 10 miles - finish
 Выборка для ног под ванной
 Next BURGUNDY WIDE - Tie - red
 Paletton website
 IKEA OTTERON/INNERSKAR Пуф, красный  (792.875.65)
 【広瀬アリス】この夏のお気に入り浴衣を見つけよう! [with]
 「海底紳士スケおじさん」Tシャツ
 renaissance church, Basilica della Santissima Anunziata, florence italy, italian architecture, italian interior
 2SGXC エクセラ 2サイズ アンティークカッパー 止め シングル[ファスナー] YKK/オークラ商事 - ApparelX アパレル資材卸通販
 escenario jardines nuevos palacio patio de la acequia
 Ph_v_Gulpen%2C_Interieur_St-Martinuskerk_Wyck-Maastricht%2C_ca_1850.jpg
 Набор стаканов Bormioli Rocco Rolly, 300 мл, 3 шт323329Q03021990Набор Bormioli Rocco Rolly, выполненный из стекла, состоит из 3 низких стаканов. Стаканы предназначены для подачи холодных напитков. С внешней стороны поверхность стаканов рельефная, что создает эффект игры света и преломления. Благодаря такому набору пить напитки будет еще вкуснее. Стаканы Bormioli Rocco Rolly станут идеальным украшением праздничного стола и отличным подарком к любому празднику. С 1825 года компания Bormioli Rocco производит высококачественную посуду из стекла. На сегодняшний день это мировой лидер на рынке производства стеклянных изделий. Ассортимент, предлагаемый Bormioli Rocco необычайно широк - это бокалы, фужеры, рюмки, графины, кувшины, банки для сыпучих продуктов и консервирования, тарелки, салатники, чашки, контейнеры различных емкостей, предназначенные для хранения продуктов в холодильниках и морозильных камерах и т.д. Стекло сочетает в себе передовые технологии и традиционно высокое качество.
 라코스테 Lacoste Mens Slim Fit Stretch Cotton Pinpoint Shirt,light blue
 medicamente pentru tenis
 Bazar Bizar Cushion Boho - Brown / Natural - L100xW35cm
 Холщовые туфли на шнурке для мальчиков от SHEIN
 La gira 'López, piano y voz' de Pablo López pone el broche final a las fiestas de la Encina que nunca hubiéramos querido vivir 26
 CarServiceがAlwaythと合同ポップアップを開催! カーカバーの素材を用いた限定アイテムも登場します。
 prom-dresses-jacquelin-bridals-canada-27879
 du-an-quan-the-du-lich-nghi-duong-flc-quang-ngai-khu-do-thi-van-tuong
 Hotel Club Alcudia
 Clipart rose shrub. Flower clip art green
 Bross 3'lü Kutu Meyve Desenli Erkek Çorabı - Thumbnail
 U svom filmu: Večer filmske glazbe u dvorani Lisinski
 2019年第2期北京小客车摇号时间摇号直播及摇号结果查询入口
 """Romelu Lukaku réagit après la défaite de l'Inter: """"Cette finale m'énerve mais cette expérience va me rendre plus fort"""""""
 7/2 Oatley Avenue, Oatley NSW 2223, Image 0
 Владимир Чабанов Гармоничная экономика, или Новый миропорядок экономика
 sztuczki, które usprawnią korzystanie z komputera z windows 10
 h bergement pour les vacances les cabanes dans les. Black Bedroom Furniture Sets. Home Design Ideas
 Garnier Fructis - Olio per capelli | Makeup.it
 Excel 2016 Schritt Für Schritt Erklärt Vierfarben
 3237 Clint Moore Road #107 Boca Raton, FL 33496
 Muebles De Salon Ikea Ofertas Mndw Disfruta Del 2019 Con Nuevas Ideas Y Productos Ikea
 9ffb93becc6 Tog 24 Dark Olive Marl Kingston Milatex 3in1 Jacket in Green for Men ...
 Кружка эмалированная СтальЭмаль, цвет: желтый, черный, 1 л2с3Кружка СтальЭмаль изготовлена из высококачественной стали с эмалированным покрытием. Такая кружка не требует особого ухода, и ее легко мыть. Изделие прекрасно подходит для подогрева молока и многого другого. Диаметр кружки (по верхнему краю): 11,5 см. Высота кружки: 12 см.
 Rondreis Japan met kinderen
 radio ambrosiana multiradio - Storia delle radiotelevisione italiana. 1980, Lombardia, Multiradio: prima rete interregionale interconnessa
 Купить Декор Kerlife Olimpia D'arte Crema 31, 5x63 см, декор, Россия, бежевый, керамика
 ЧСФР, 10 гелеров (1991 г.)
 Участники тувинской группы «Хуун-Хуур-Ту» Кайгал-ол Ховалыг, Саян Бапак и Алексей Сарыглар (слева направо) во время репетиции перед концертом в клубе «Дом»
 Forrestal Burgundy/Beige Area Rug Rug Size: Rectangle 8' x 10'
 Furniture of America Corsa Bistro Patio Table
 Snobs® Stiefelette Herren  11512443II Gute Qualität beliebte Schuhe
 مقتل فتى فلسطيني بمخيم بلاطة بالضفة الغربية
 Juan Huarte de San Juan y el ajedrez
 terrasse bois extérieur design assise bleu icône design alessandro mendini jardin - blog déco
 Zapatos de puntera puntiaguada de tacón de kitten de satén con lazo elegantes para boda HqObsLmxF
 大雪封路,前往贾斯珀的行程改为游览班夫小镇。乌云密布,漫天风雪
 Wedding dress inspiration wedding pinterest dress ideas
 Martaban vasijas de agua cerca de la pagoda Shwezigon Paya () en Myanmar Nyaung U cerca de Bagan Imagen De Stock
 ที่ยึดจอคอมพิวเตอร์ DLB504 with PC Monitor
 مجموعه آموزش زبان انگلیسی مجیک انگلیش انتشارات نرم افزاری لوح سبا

________________

EXERCISE PROMPT:
Return only the lines running from the line with "ที่ยึดจอคอมพิวเตอร์ DLB504 with PC Monitor" to the last line of the records, both included, exactly as written.

ANSWER SECTION:
 ที่ยึดจอคอมพิวเตอร์ DLB504 with PC Monitor
 مجموعه آموزش زبان انگلیسی مجیک انگلیش انتشارات نرم افزاری لوح سبا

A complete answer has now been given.